TAIWAN, CHINA, HONG KONG SAR – Media OutReach – Telstra, perusahaan telekomunikasi dan teknologi terkemuka, dan Omdia, firma riset dan konsultasi, bersama-sama merilis laporan riset hari ini untuk mengeksplorasi bagaimana perusahaan di Asia Utara menggunakan Teknologi Keamanan informasi untuk meningkatkan ketahanan dan kemampuan inovasi.

Telstra dan Omdia mewawancarai 250 pembuat keputusan teknologi senior pada akhir tahun 2022 untuk memahami status Operasi Keamanan Asia Utara saat ini (SecOps) dan menilai tingkat kematangan otomatisasi keamanan informasi dalam lingkungan yang kompleks secara teknologi dan di bawah berbagai ancaman.

50% dari mereka yang disurvei adalah eksekutif TI, termasuk CIO, CTO, dan CISO, dan 50% adalah pemimpin teknologi senior dan konsultan senior. 50% organisasi memiliki 100-999 karyawan dan 50% memiliki 1000+ karyawan. Sektor utama yang menjadi fokus adalah BFSI, Transportasi & Logistik, Ritel & Grosir, Manufaktur dan Perawatan Kesehatan.

Survei ini mengeksplorasi tingkat kematangan otomatisasi keamanan informasi dalam hal infrastruktur teknis dan manajemen ancaman end-to-end, untuk memahami bagaimana perusahaan menggunakan otomatisasi untuk mengkonsolidasikan dan mempertahankan bisnis mereka. Buku putih yang baru diluncurkan bertujuan untuk memberikan rekomendasi kepada eksekutif keamanan untuk meningkatkan ketahanan keamanan perusahaan mereka sambil mendukung proyek transformasi digital mereka.

“Ini adalah kesempatan bagi perusahaan untuk menggunakan otomatisasi untuk meningkatkan efisiensi operasional, sambil membantu menyelesaikan insiden keamanan yang diketahui, memungkinkan tim operasi untuk fokus menangani masalah keamanan siber yang berisiko lebih tinggi. Hal ini mengurangi kelelahan karyawan dan membantu memberikan perlindungan yang lebih baik untuk aset bisnis penting,”
kata Paul Abfalter, Kepala Asia Utara di Telstra, dalam keterangannya, Kamis (27/4/2023).

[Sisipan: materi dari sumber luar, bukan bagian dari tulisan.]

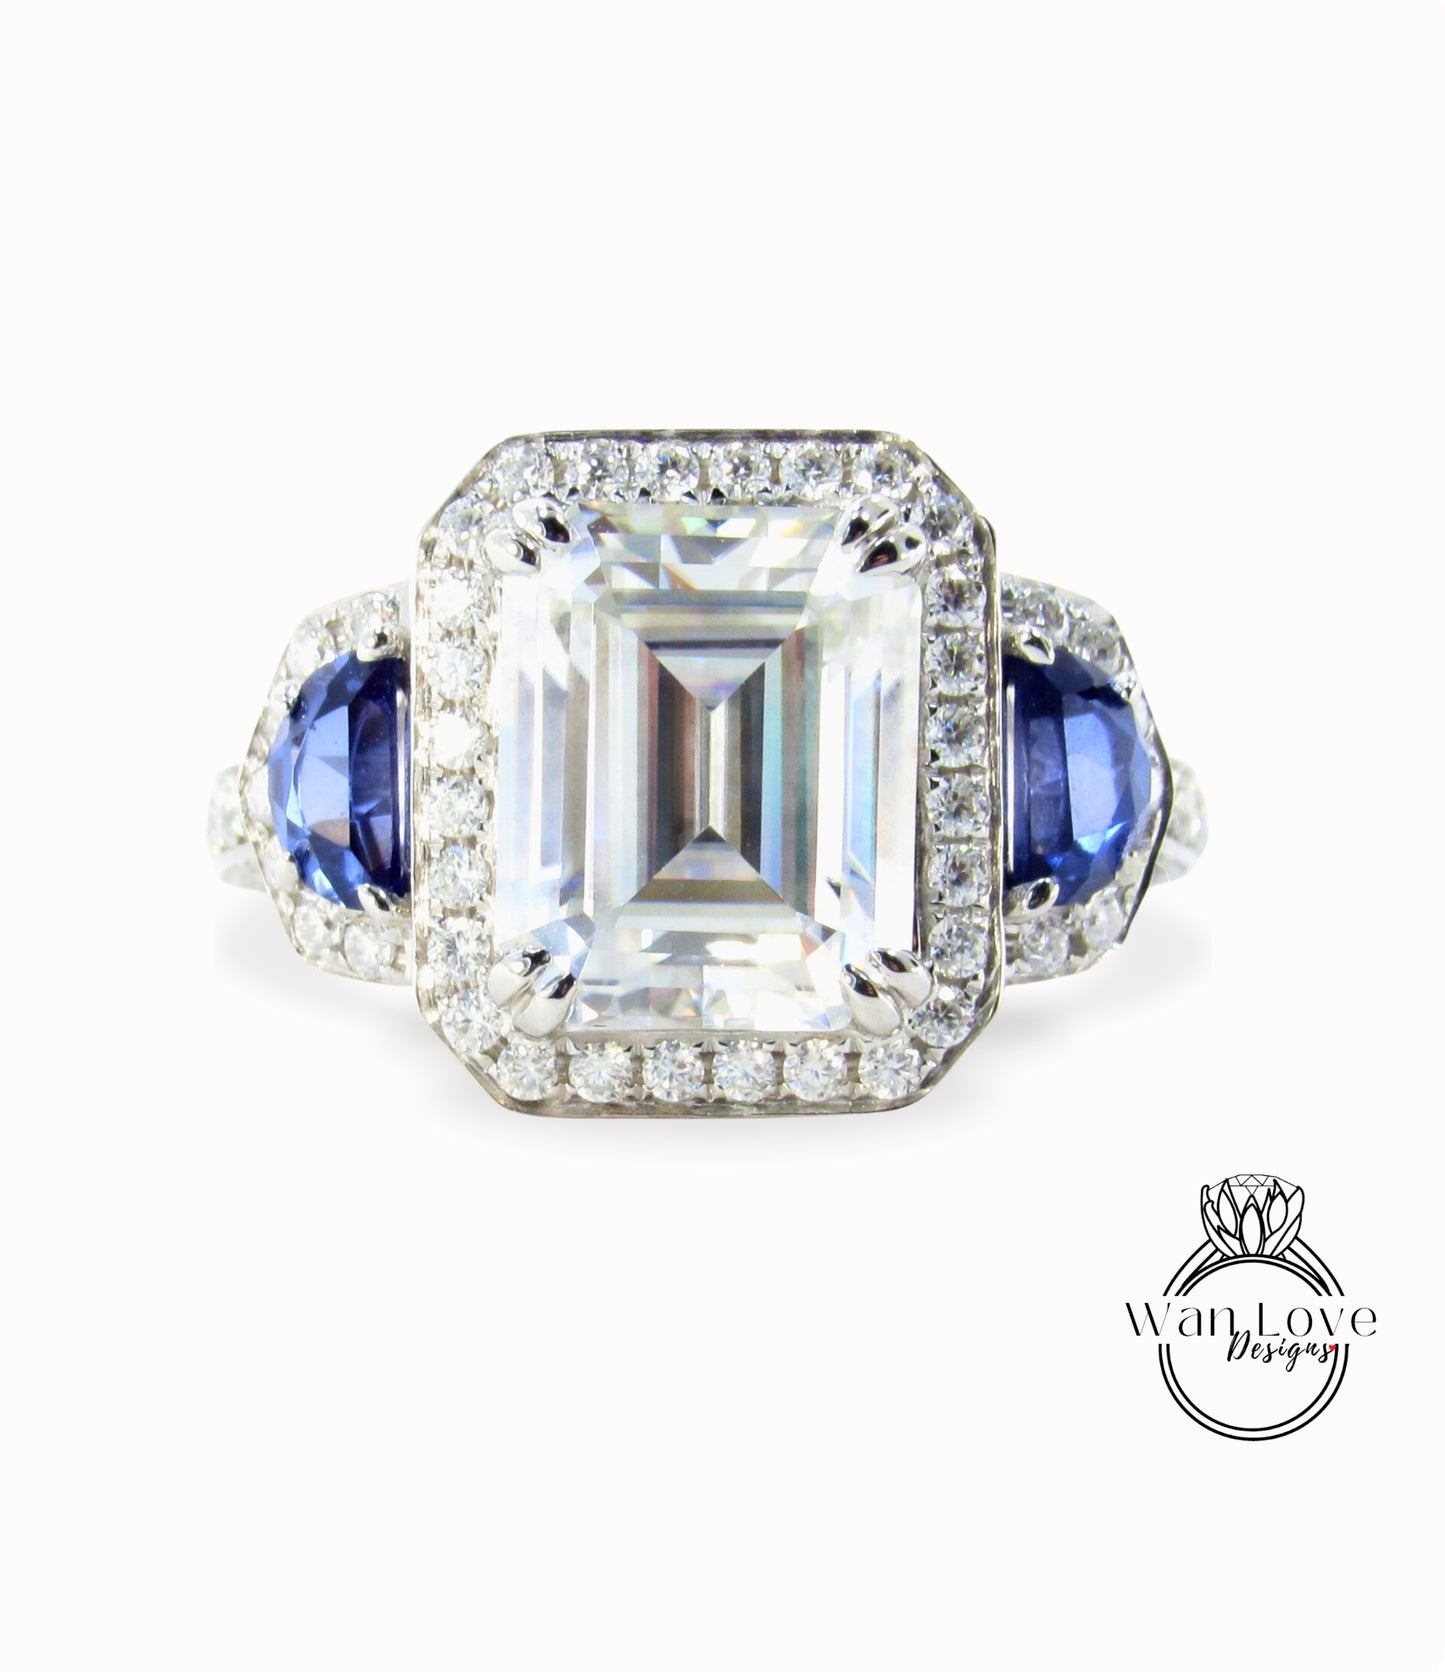 Inserzione personalizzata per Judy Moissanite e zaffiro blu Art deco mezza luna taglio trapezoidale anello di fidanzamento oro 3 pietre preziose anniversario anello unico taglio smeraldo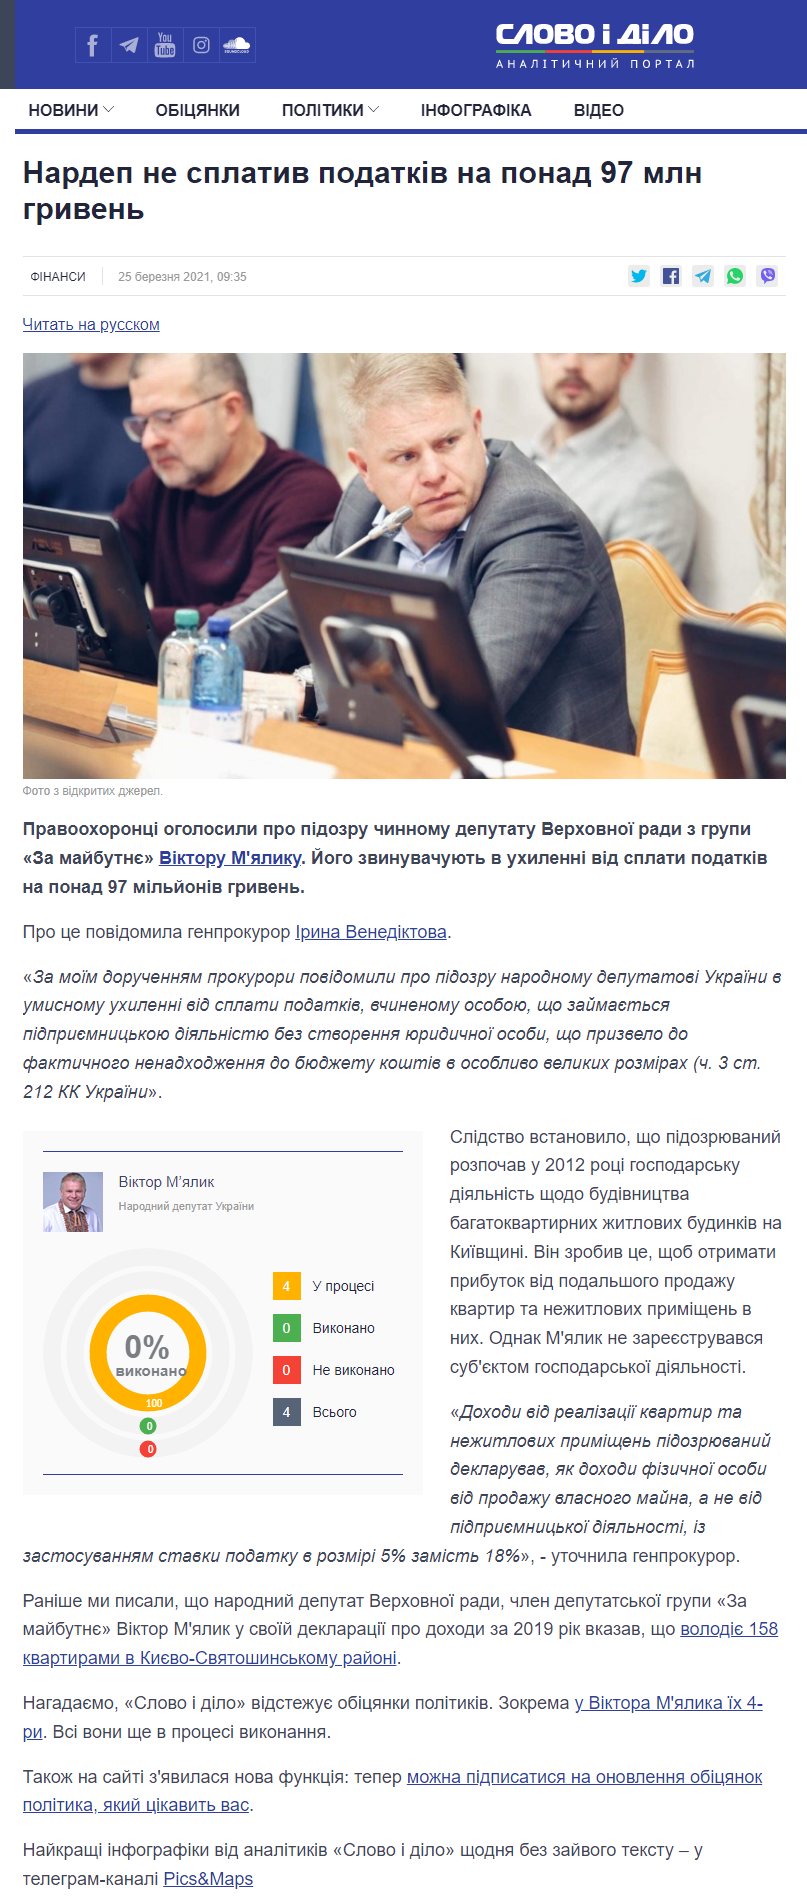 https://www.slovoidilo.ua/2021/03/25/novyna/finansy/nardep-ne-splatyv-podatkiv-97-mln-hryven

Survei penelitian menemukan bahwa 32% dari perusahaan yang disurvei melihat adanya peningkatan jumlah serangan terhadap sistem TI dalam 12 bulan terakhir. Target serangan yang paling menonjol termasuk titik akhir, jaringan, dan peralatan teknis yang diperlukan untuk operasi. Selain itu, 66% perusahaan mengindikasikan bahwa ancaman keamanan informasi yang serius dan insiden pelanggaran telah meningkat secara signifikan.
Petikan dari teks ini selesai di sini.